Even so, this limitation does not seriously damage the book's purpose. A Book of Books is not designed as a policy document or an academic intervention. It is a reader's invitation, and within that chosen frame it succeeds. Its simplicity is strategic. By avoiding jargon, it reaches the very audience that most urgently needs encouragement: people who feel intimidated by books, people who believe reading is only for the intellectually privileged, and people who have allowed screens to displace silence. In that sense, the book's lightness is not a weakness alone; it is also the condition of its usefulness.
A Necessary Sanctuary
To judge the book solely by the standard of intellectual density would therefore be unfair. Its achievement lies elsewhere. At a time when continuous digital noise threatens our interior life, any work that persuades readers to pause, choose a book, and remain with it performs a necessary cultural service. Behl's volume reminds us that reading is not an escape from reality in the shallow sense; it is a way of returning to reality with a more ordered mind. It strengthens attention, enlarges sympathy and creates a private sanctuary that no algorithm can fully invade.
A Book of Books ultimately works because it understands that the crisis of reading is not only about books; it is about the kind of people we become when we stop reading deeply. Without sustained reading, our language shrinks, our patience thins, and our imaginative sympathy weakens. Behl's response is not alarmist but restorative. She asks us to begin again, with a story, a shelf, a child's bedtime ritual, a book club conversation, a few protected minutes in the day. That modesty is persuasive. The book does not promise transformation overnight; it argues for the slow, cumulative power of habit.

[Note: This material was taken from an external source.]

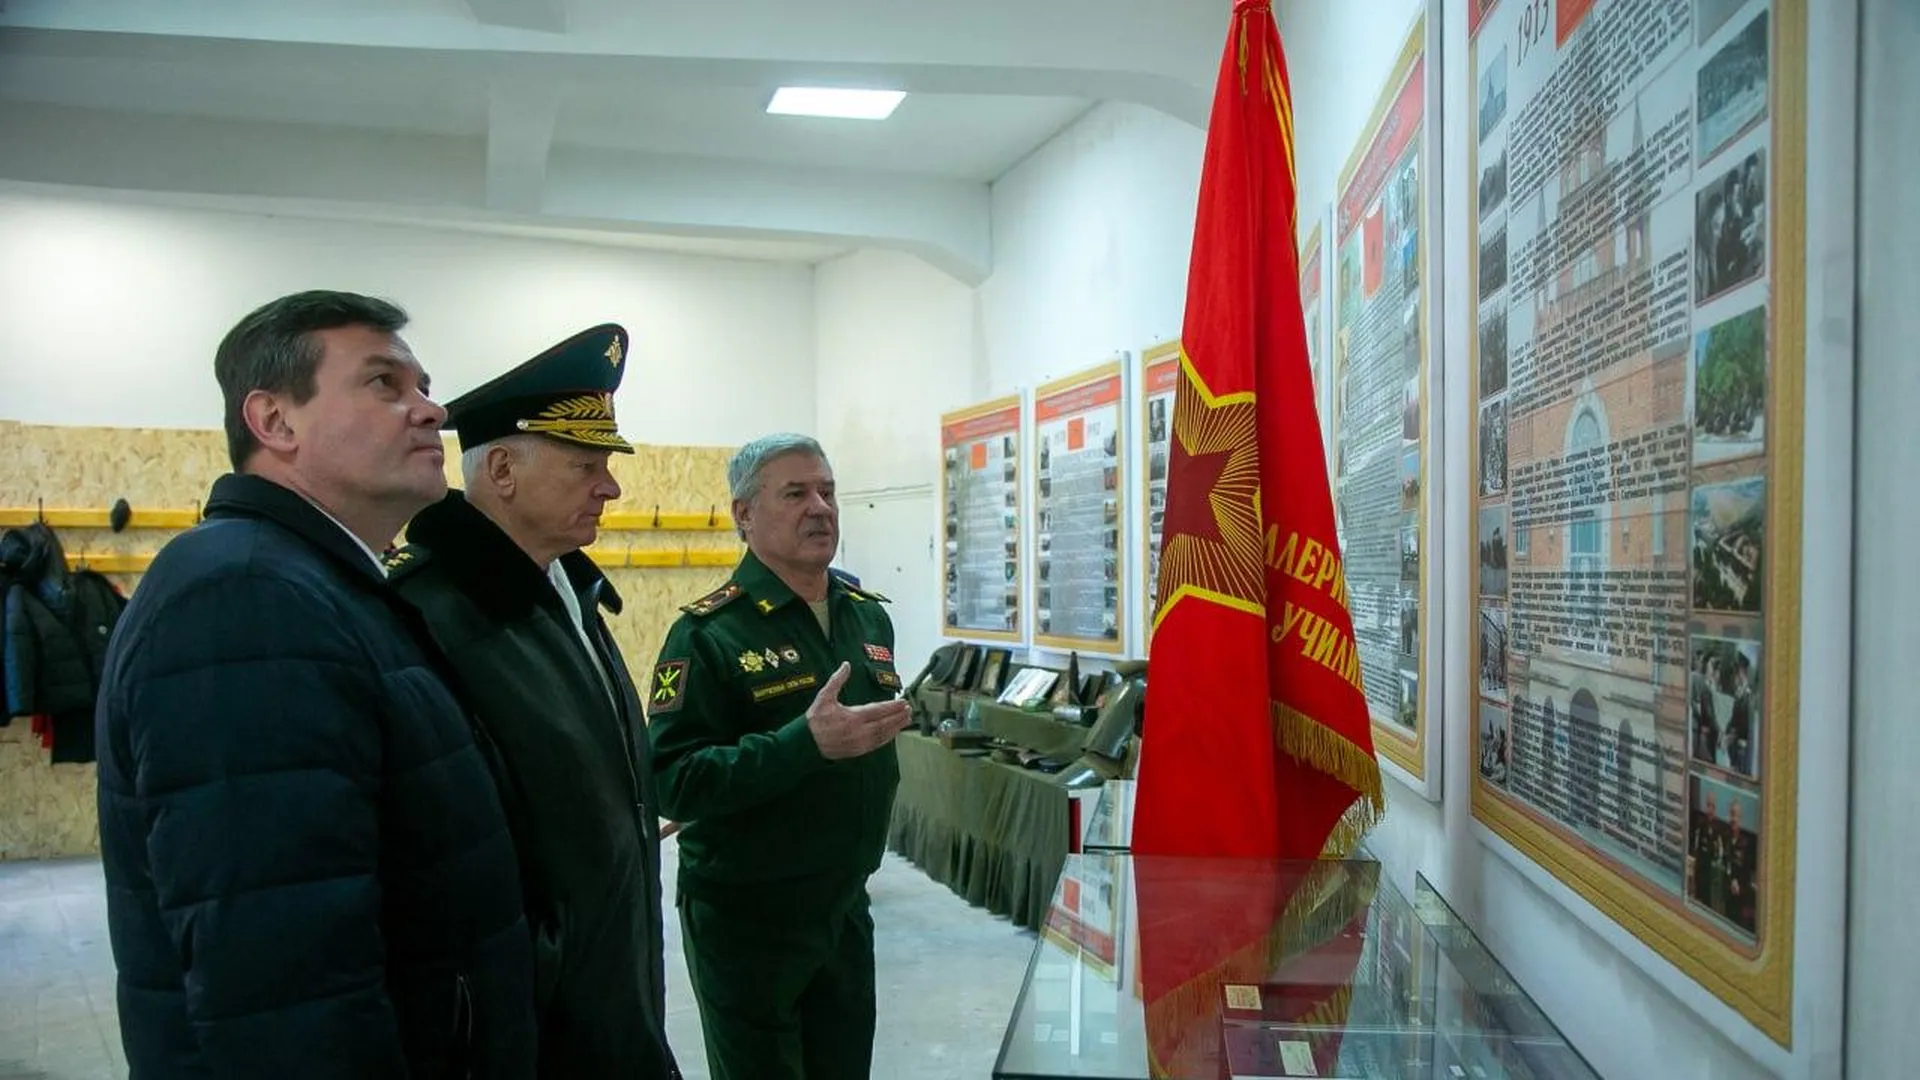 Музей истории артиллерии и артиллерийского образования России появится в Коломне
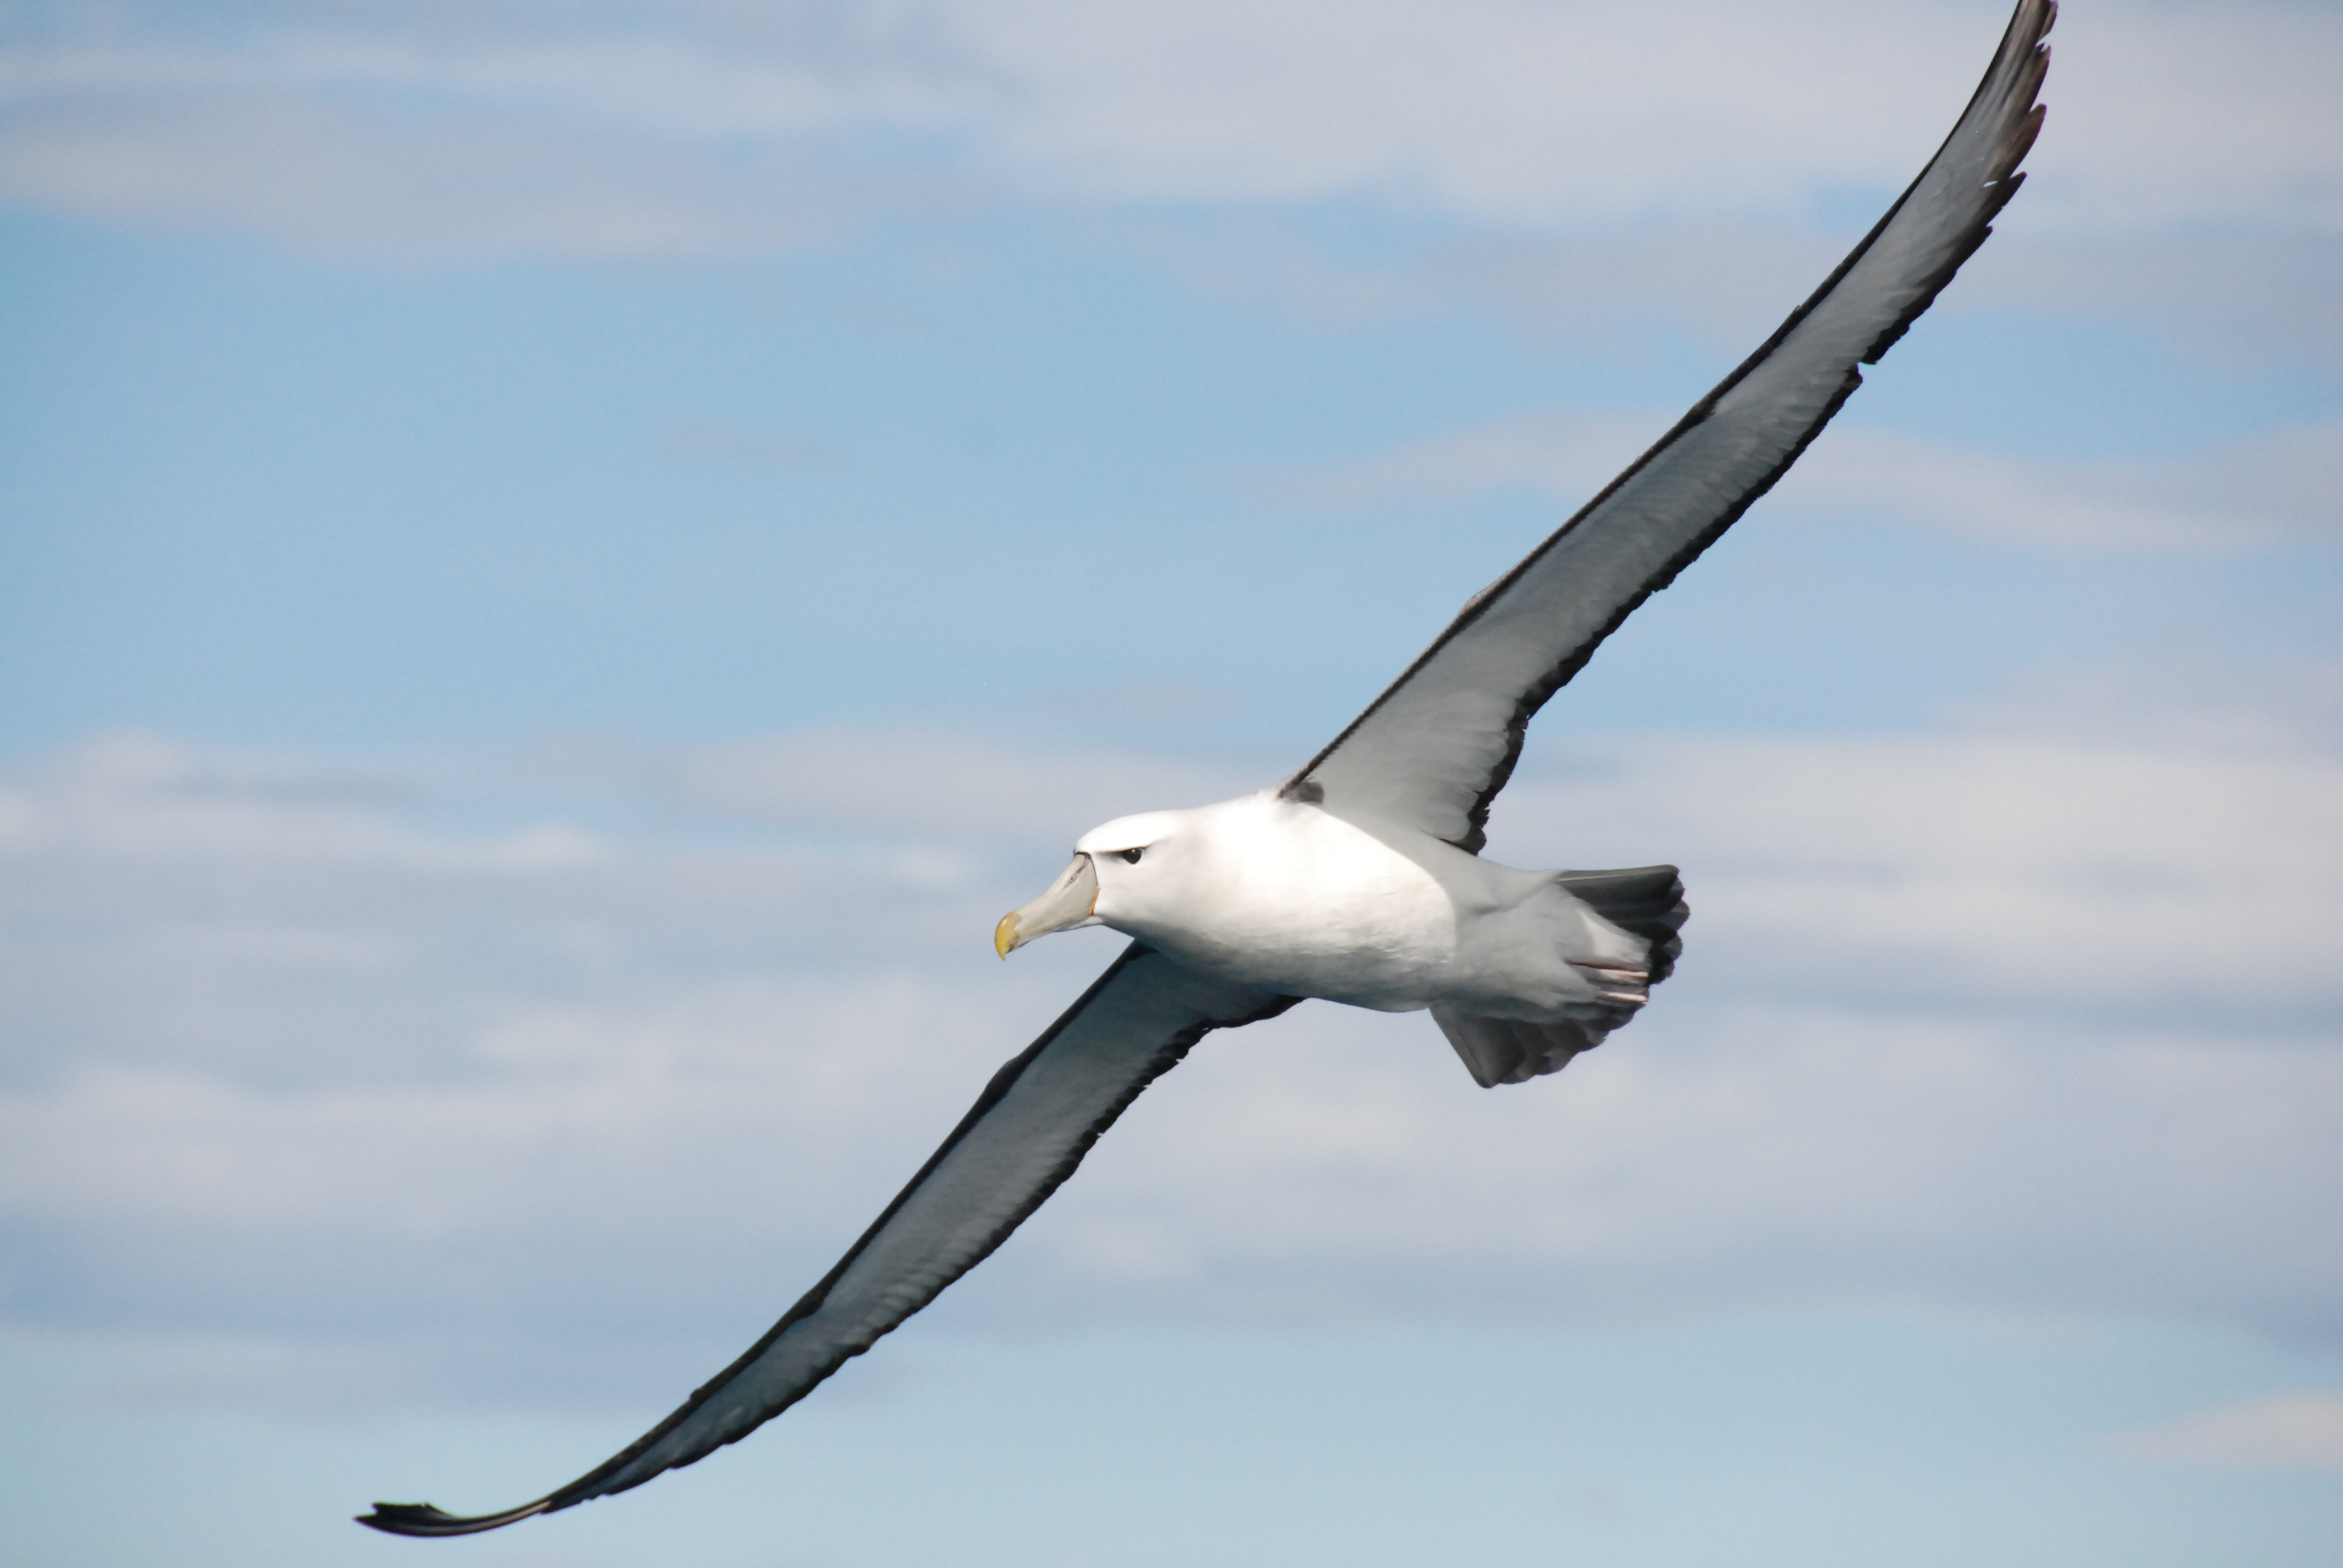 Albatross: Owner of the Longest Wings

Warm, accessible and practical, A Book of Books deserves to be read not as a definitive treatise on literature but as a generous doorway into the reading life. It is especially valuable for parents, teachers, young readers, returning readers and anyone who needs to be reminded that books are not relics of a slower age but instruments for surviving the speed of the present. By stripping away elitism and presenting reading as a daily emotional anchor, Sonali Bendre Behl offers a convincing defence of the book as refuge, companion and quiet revolution.